Gill: If there’s a church out there in some town across the USA that says “I love what you’re doing there but we only have 200 people, not enough to have specialized vocational affinity groups,” what would you advise them to do first to get their church on board with what you’ve learned?
Alsdorf: The reason we wrote Every Good Endeavor was so that we would have an easy way to share the key theological ideas that have resonated with our congregation. I get emails all the time from pastors who are doing study groups with people in their church around that book. But it’s a lot more viable to give the theological resources and let the local church contextualize that into the type of ministry that would work in their church setting. It’s harder to respond to someone who asks “so how did you create a vocation group?” Rather than the “how-to”, I want to be giving the foundational thinking and vision and mission. The “how-to” of creating different groups and applications looks different in every context. There is no one-size-fits-all template.
Gill: Sheryl Sandberg has a best-selling book, Lean In. You seem like a woman who has not “leaned away” from leadership or challenge in your life but rather “leaned in” in the best sense of the word. Do you like Sandberg’s book? And is there any sense in which Christian women need to be more willing to be used by God in stepping up to leadership?
Alsdorf: I actually loved her book. I didn’t particularly expect to but I loved it. I think she captured the brokenness really well. She had such good sociological research. She really depicted the lack of justice, the lack of opportunity, the lack of joy in the experience of a lot of career women and I think having been part of the early phase of women moving in great numbers into the workforce, I’m excited that that topic is back on the table.

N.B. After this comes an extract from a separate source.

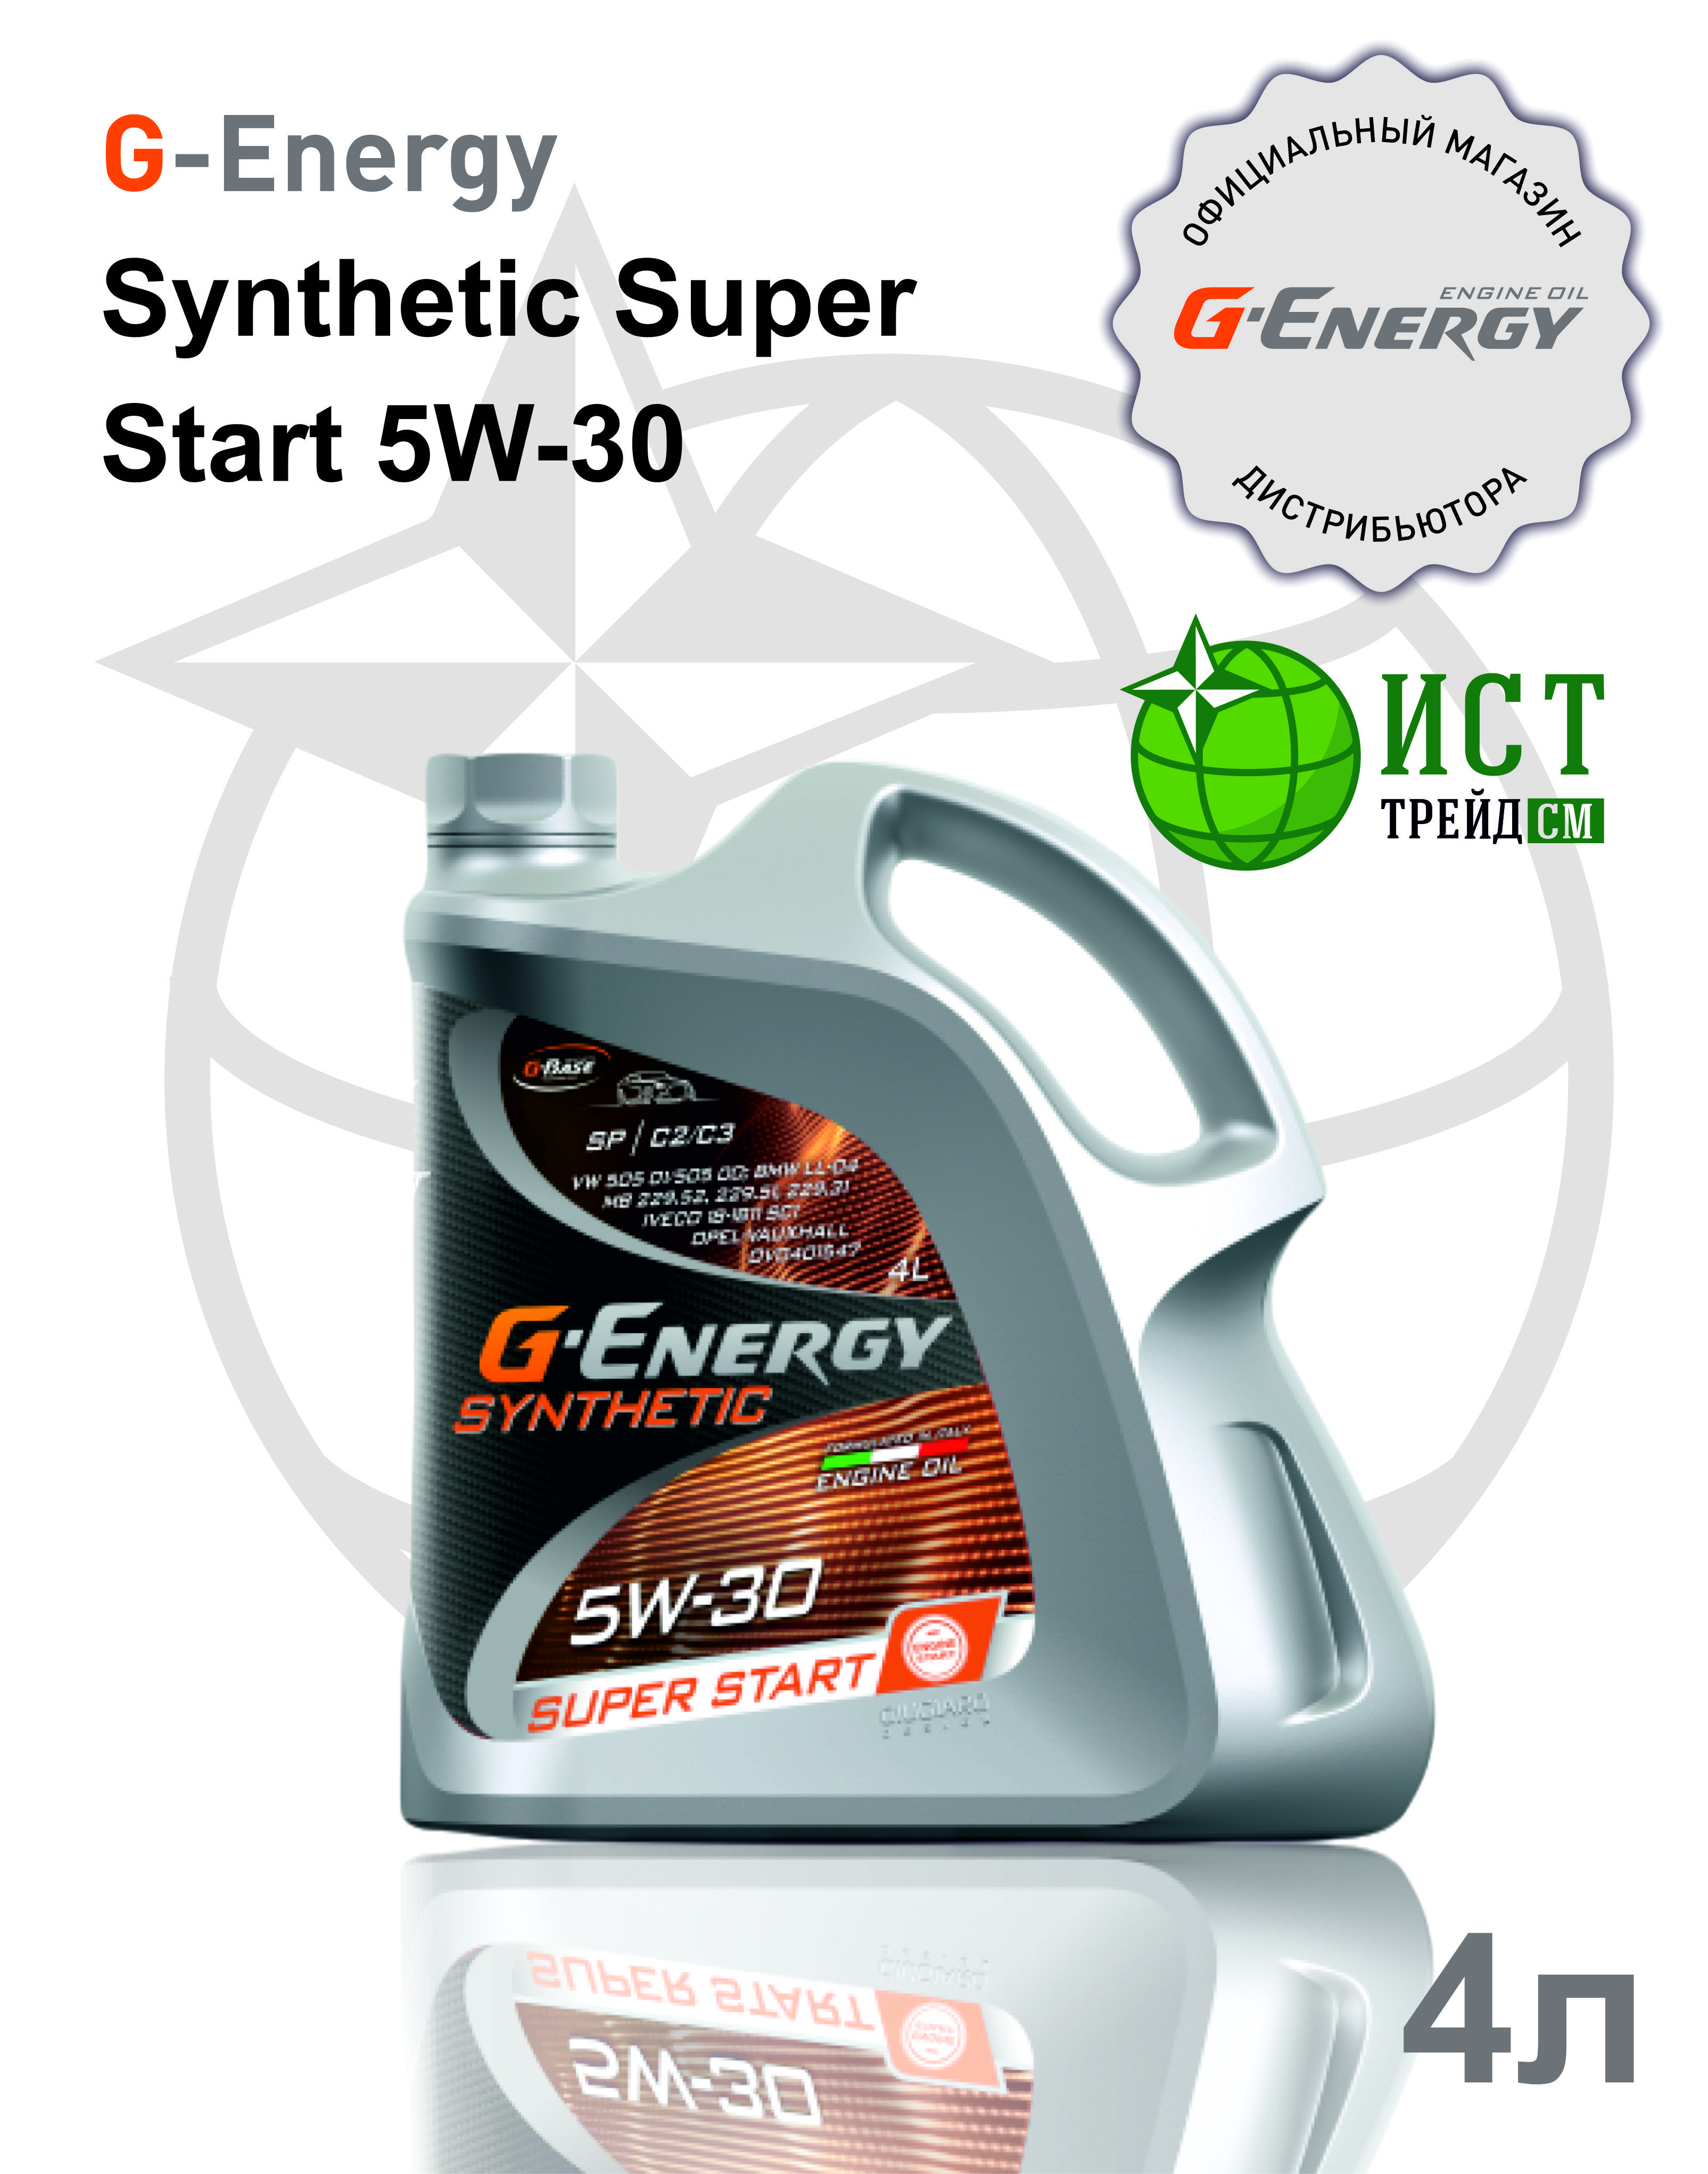 Super start 5w30. G-Energy Synthetic super start 5w-30.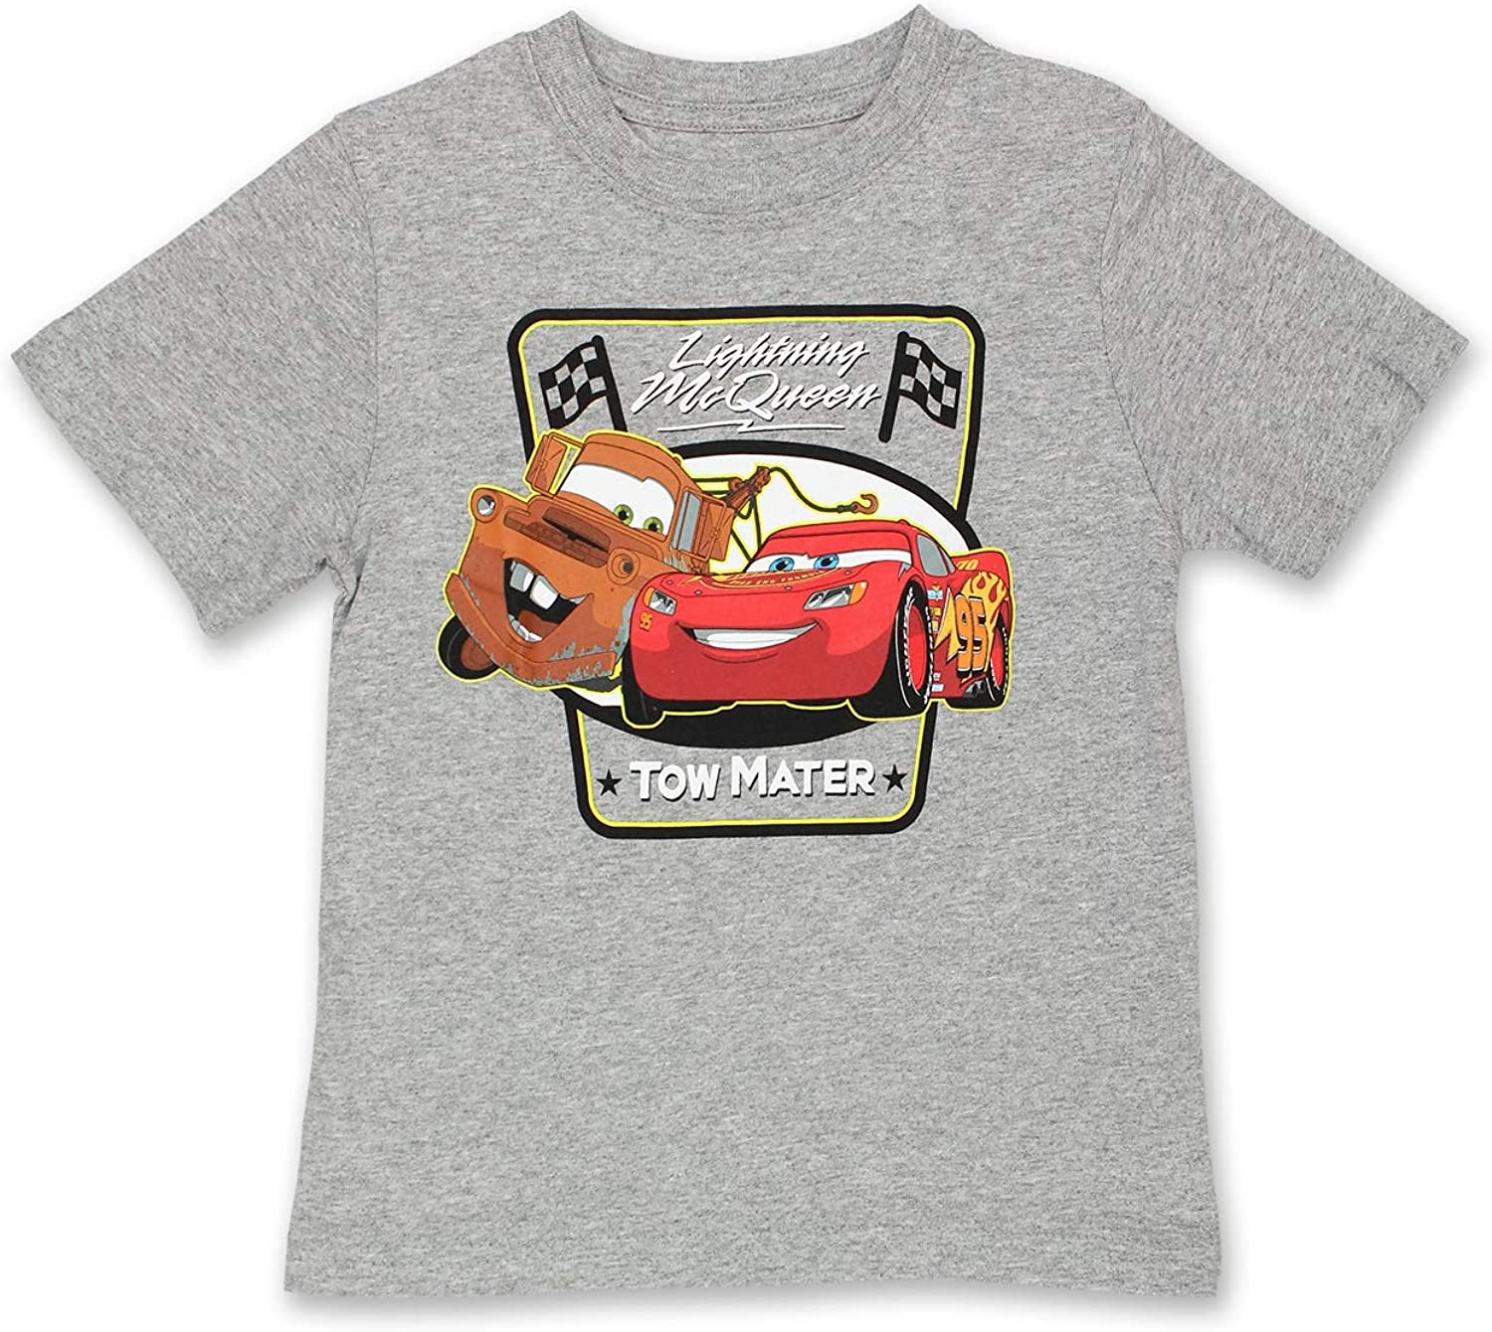 Disney Cars Tow Mater Toddler Boys Short Sleeve T-Shirt Tee

Her solution, however, comes up short. Her “lean in” is “lean into yourself” — “you can do it!” “You’ve got what it takes baby.” But whether you’re male or female, our “lean in” has to be “lean into God.” God wants us to be risk-takers and get out of our comfort zone and respond to our callings in the world — not on our own strength but by leaning into him. I want to meet her and I pray for her that she will understand that there’s a God to lean into in the brokenness of ourselves and the marketplace. How can change happen? How do we make this a better more flourishing world for everyone? We’ve got resources in the Word of God and in our relationship with God that provides so much more hope — a more realistic hope than just leaning into our own competencies.